UIs and networks for Julia.
Browser UIs
UIs in the browser via the Escher/Interact ecosystem Interact.jl is a UI/widget framework that is reasonably front-end agnostic. A web-app-style interface that can deploy to IDE, web server, or desktop electron via Bink.jl. How much tedious javascript management is required I do not know, but at least javascript UI development is well-documented.

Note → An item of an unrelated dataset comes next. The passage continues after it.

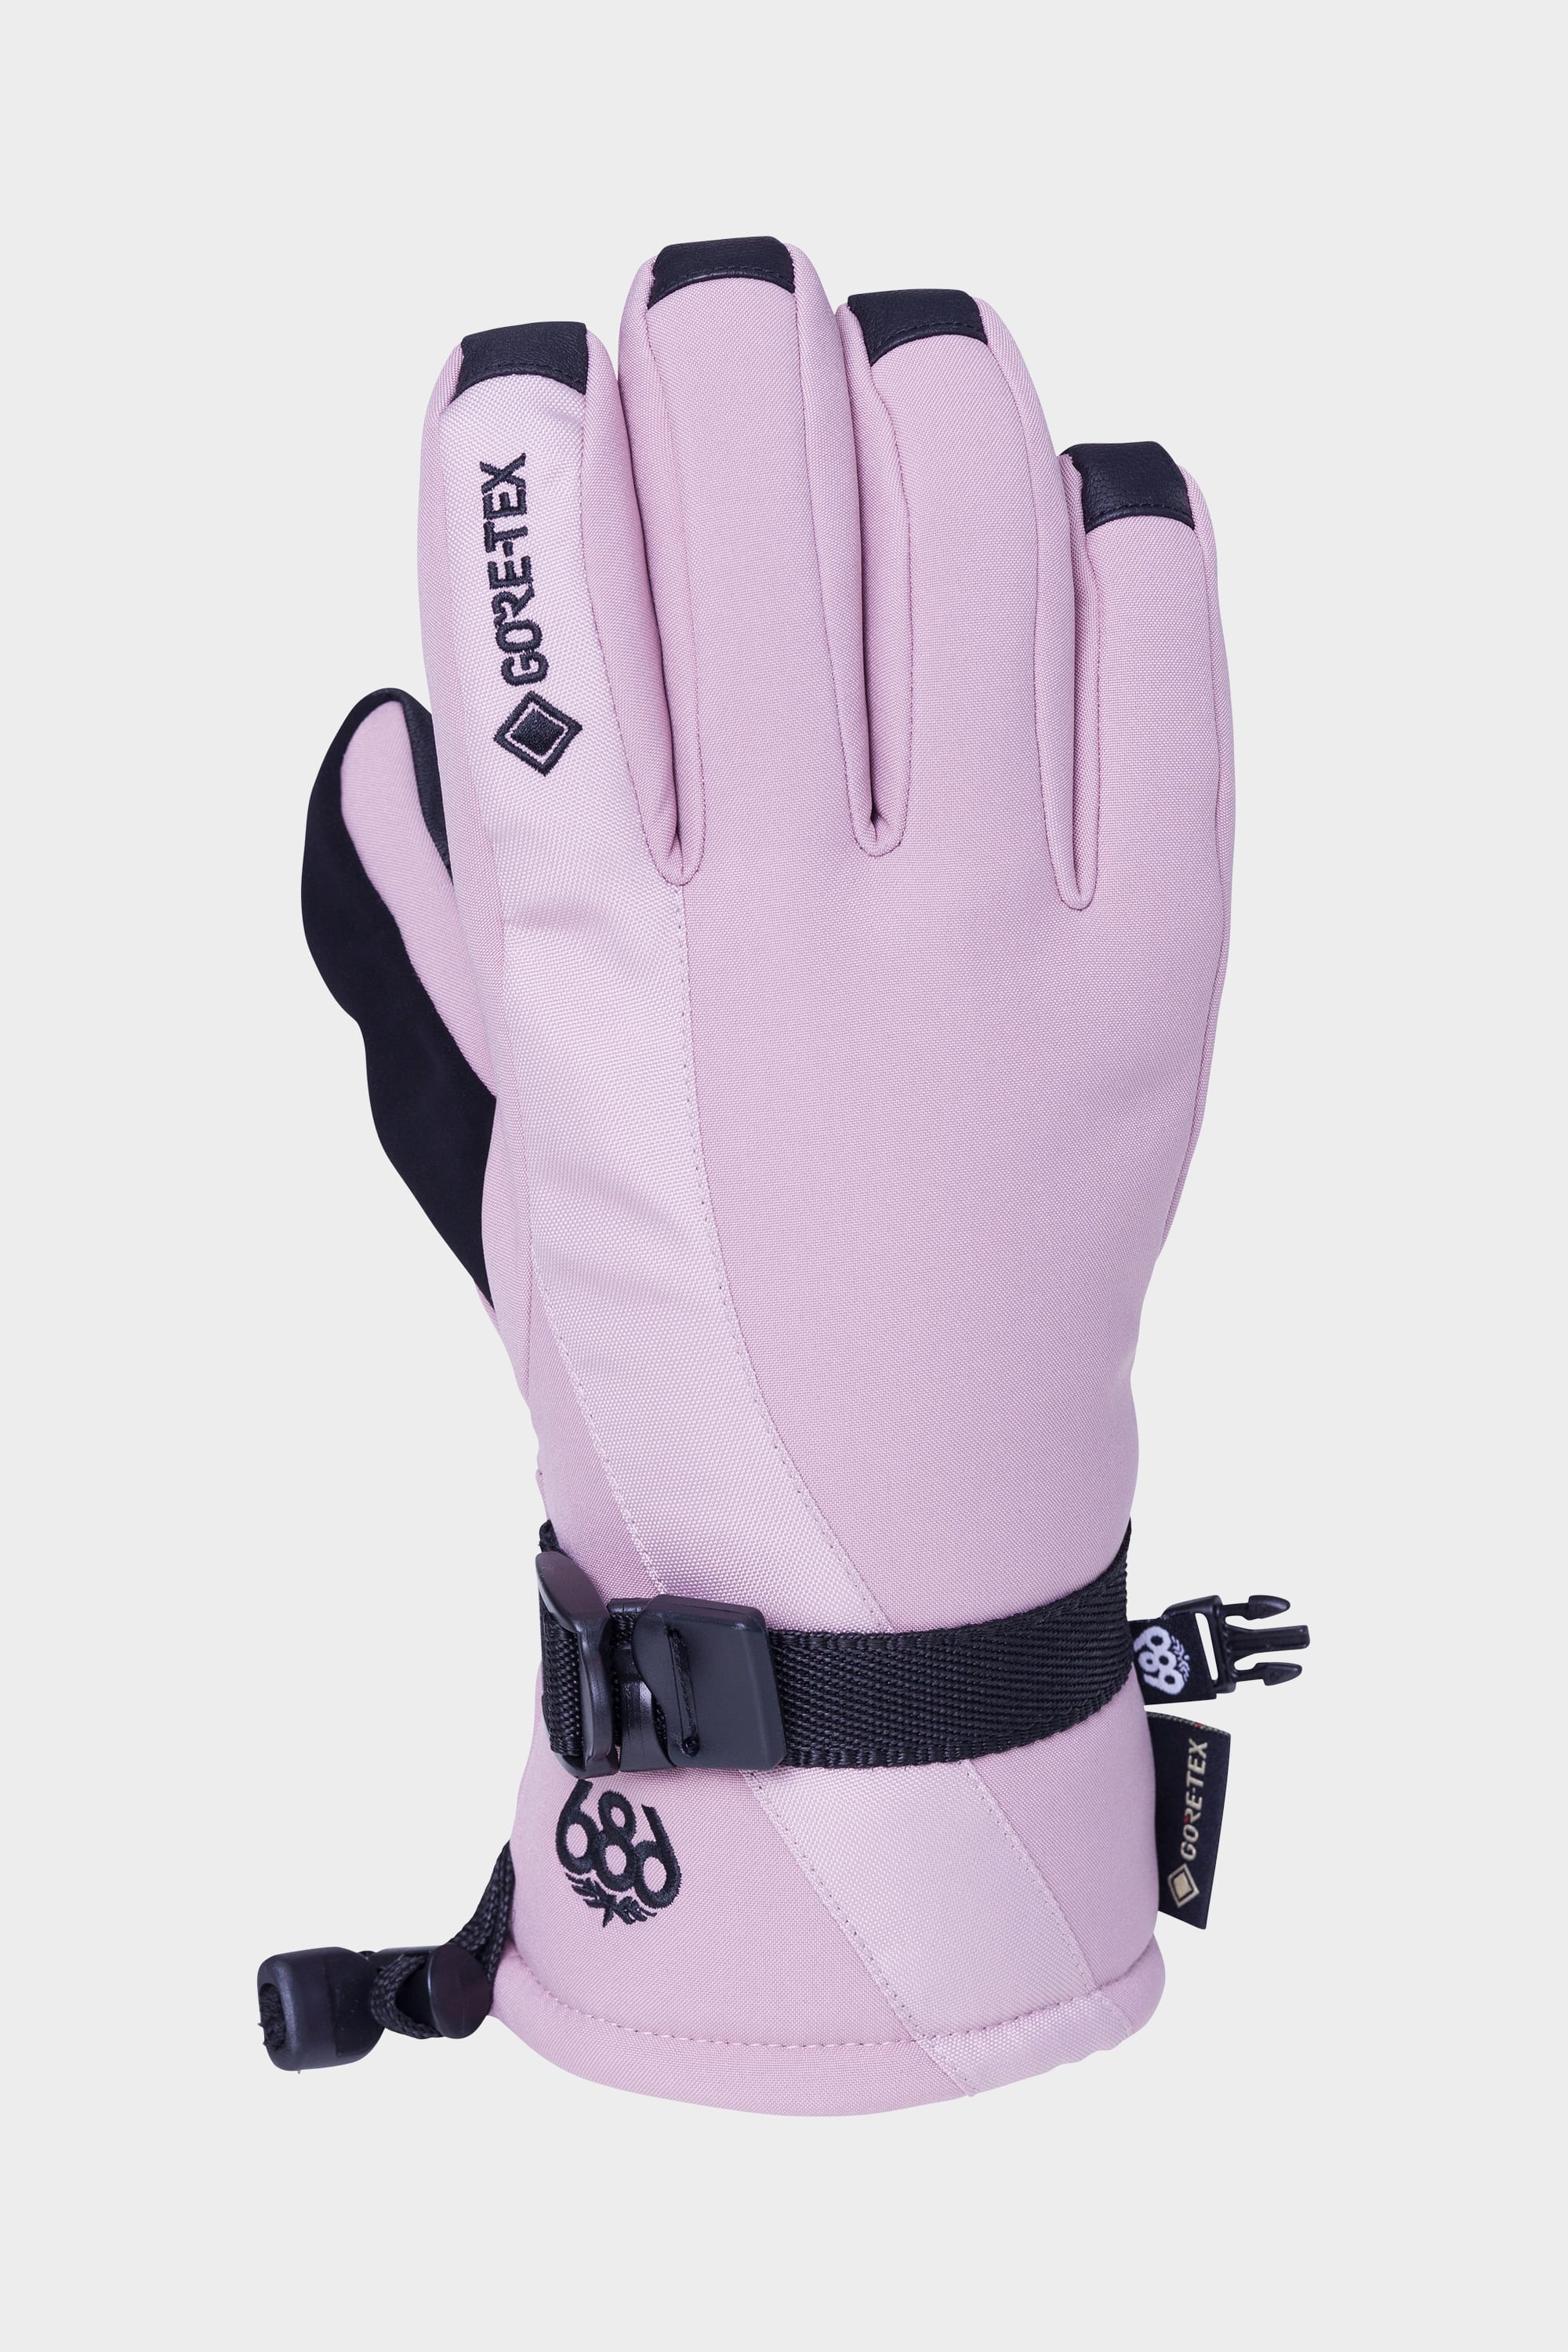 Gloves & Mitts – 686.com

If you really wanted to have lots of control and a proper web framework, you could use a full web framework like Genie.jl.
Reactive programming
Reactive programming is for managing state asynchronously, which turns out to be practical for UIs. Reactive.jl is widely used to manage signals in UI toolkits. It has a competitor Signals.jl, whose creator describes the differences:
Signals.jl
, while offering the same functionality as Reactive, is different on some key factors
- Dynamic: Signals are not typed, you can push an integer then float64 and then a string and it blends nicely with Julia’s Multiple Dispatch
- Push-Pull: you can either push a value into a Signal and propagate changes along the Signal graph, or you can set a value without any propagation and only pull the necessary changes from any other signal.
- Syntax: Syntax is somewhat simplified, square brackets to set or query a value, round brackets to pull or push a value (see documentation for more examples)
The last point is, IMO, a minus, but the second one is a plus for the engineering-type applications that I need to care about.
Traditional UI toolkits
Invoke someone else’s toolkit and have them worry about which pixel goes where. QML.jl plugs into Qt5. Gtk.jl plugs into GTK.
Immediate mode
I can plug into classic C++ immediate mode Dear Imgui via CImGui.jl.